# Lamb casserole with butterbeans



## Ishbel (Dec 14, 2004)

1 large onion, chopped finely
a little sunflower oil (to sweat off the onions/carrots)
2 carrots, chopped
2 lb lamb shoulder, well trimmed and cut into large cubes
small quantity of seasoned flour
150 ml lamb or beef stock
2 x 14 oz tin of chopped tomatoes
2 x 14 oz tin of butterbeans (well drained and rinsed)
Bouquet garni
Salt, freshly ground black pepper, to taste
Parsley (to serve)

Preheat oven to Gas mark 3/325F.

Heat small amount of oil in a frying pan.  Add the onion and sweat for ten minutes or so, add carrots and cook until they begin to soften.  Transfer to a casserole dish (with a tight lid)

Toss the lamb in the seasoned flour and then brown (in small batches) on all sides.  Transfer to the cassserole.  De-glaze the pan with a little water and add to the casserole.

Add the butterbeans and tomatoes to the casserole, stir and season with a little salt and pepper.  Add the bouquet garni.  Put lid on the casserole.

Put the casserole in the oven and cook for one and half hours.  Remove the bouquet garni.

Sprinkle with chopped parsley and serve with green vegetables.


Recipe from Leith's Cookery School, London.


----------



## In the Kitchen (Dec 14, 2004)

Ishbel: did you try this?  Sounds very healthy.  Thanks


----------



## Ishbel (Dec 14, 2004)

Yes, I've made it a few times.  But then, I like butterbeans!    8)


----------



## In the Kitchen (Dec 14, 2004)

Aren't you something?  What brand did you get?  Maybe ones we get aren't as good as what you have?  Has a lot to do with it.  Do you remember the brand?  Don't you hate when people want to know so many details?  But truly makes difference.


----------



## In the Kitchen (Dec 14, 2004)

Okay, where do you get lamb stock?  I have to take the beef.  You must have access to more choice than we do.


----------



## Ishbel (Dec 15, 2004)

I've always got stock in the freezer!  But we can buy ready made stock many varieties, fish, beef, chicken, lamb and vegetable, from the chillers in any supermarket - it comes in what looks like large Starbucks take-away cups!

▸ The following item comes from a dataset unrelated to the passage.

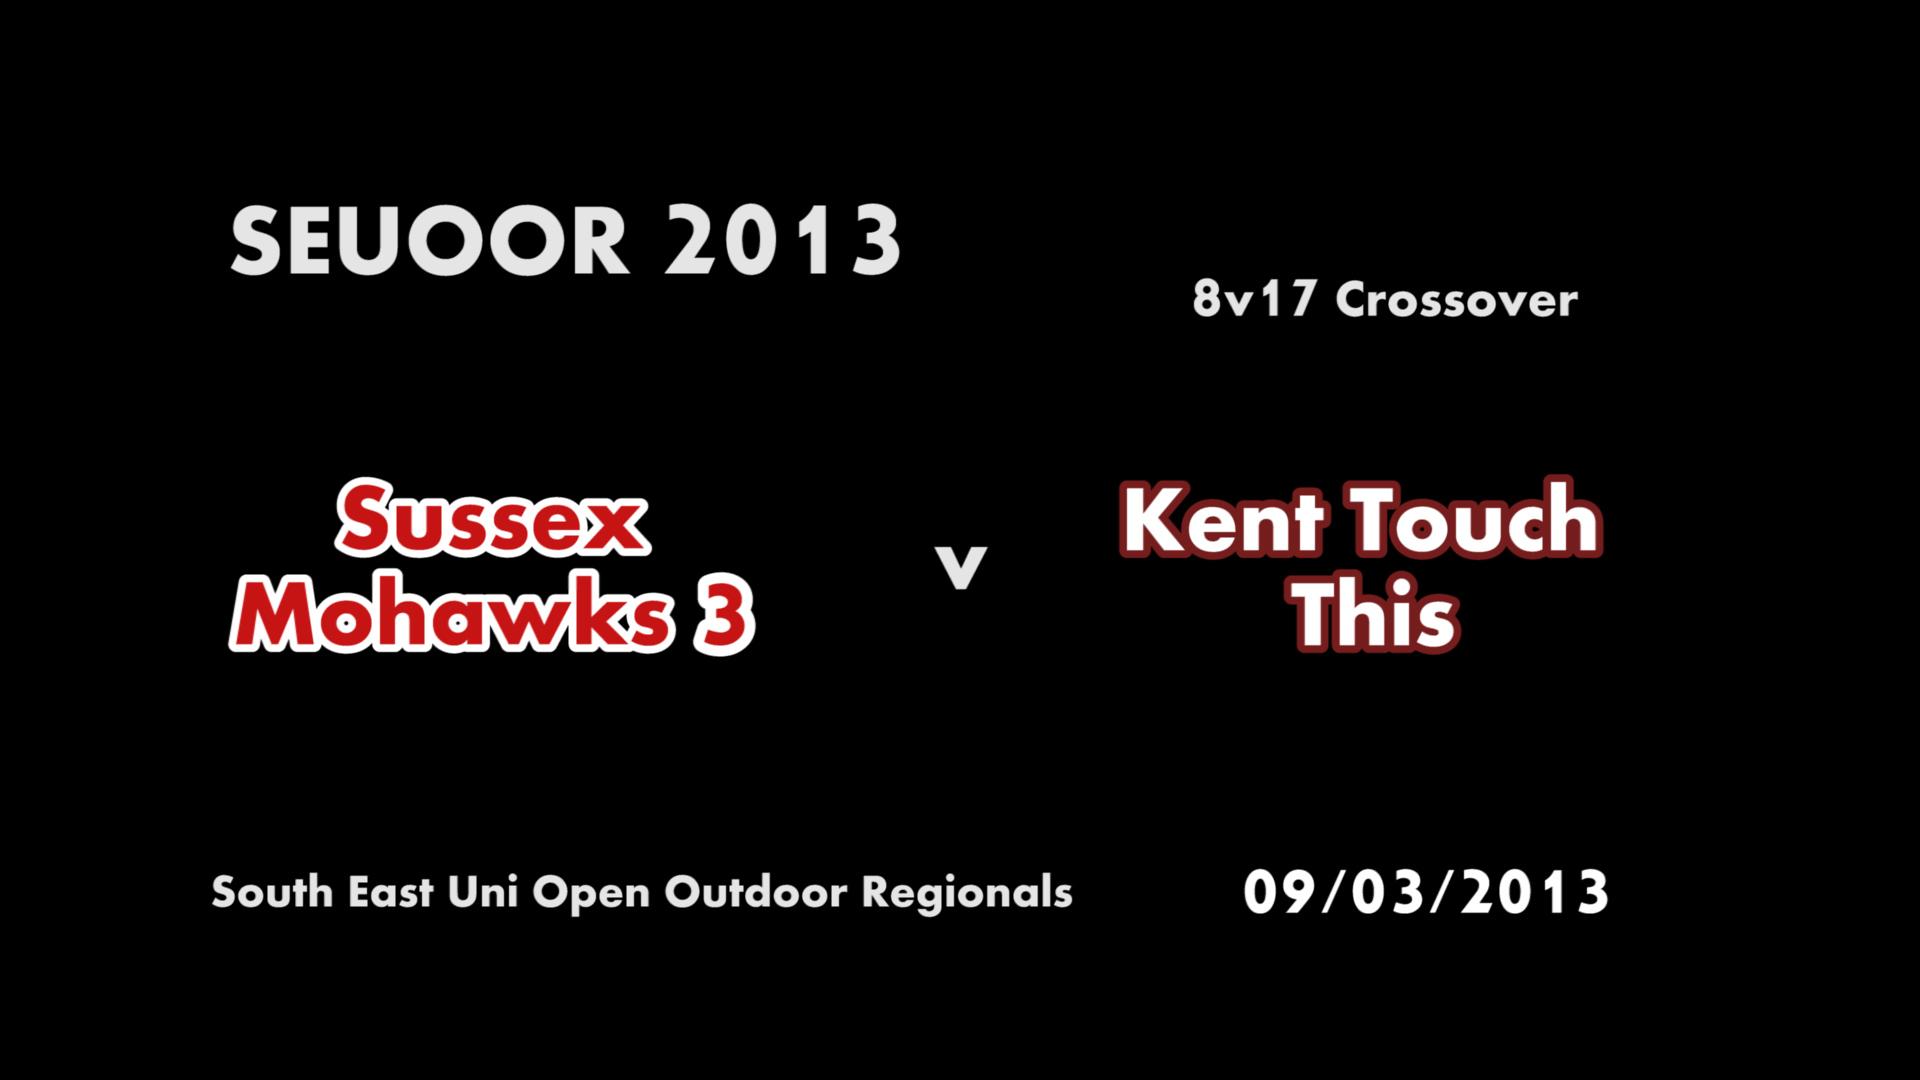 SEUOOR 2013: Mohawks 3 v Kent

The butterbeans are the 'own-brand' from my local supermarket  8)


----------



## In the Kitchen (Dec 15, 2004)

I want to try this recipe maybe next week.  Go to the store only once week which I try to do so I won't spend extra for something I don't need.  I do go over recipes and will get then.  You sound like you got things well organized which I never seem to have.  Thanks for info.


----------



## Snoop Puss (Nov 28, 2006)

I love lamb and I adore butter beans. Have to give this a try.


----------



## Ishbel (Nov 28, 2006)

It's a tasty winter casserole, Snoops.


----------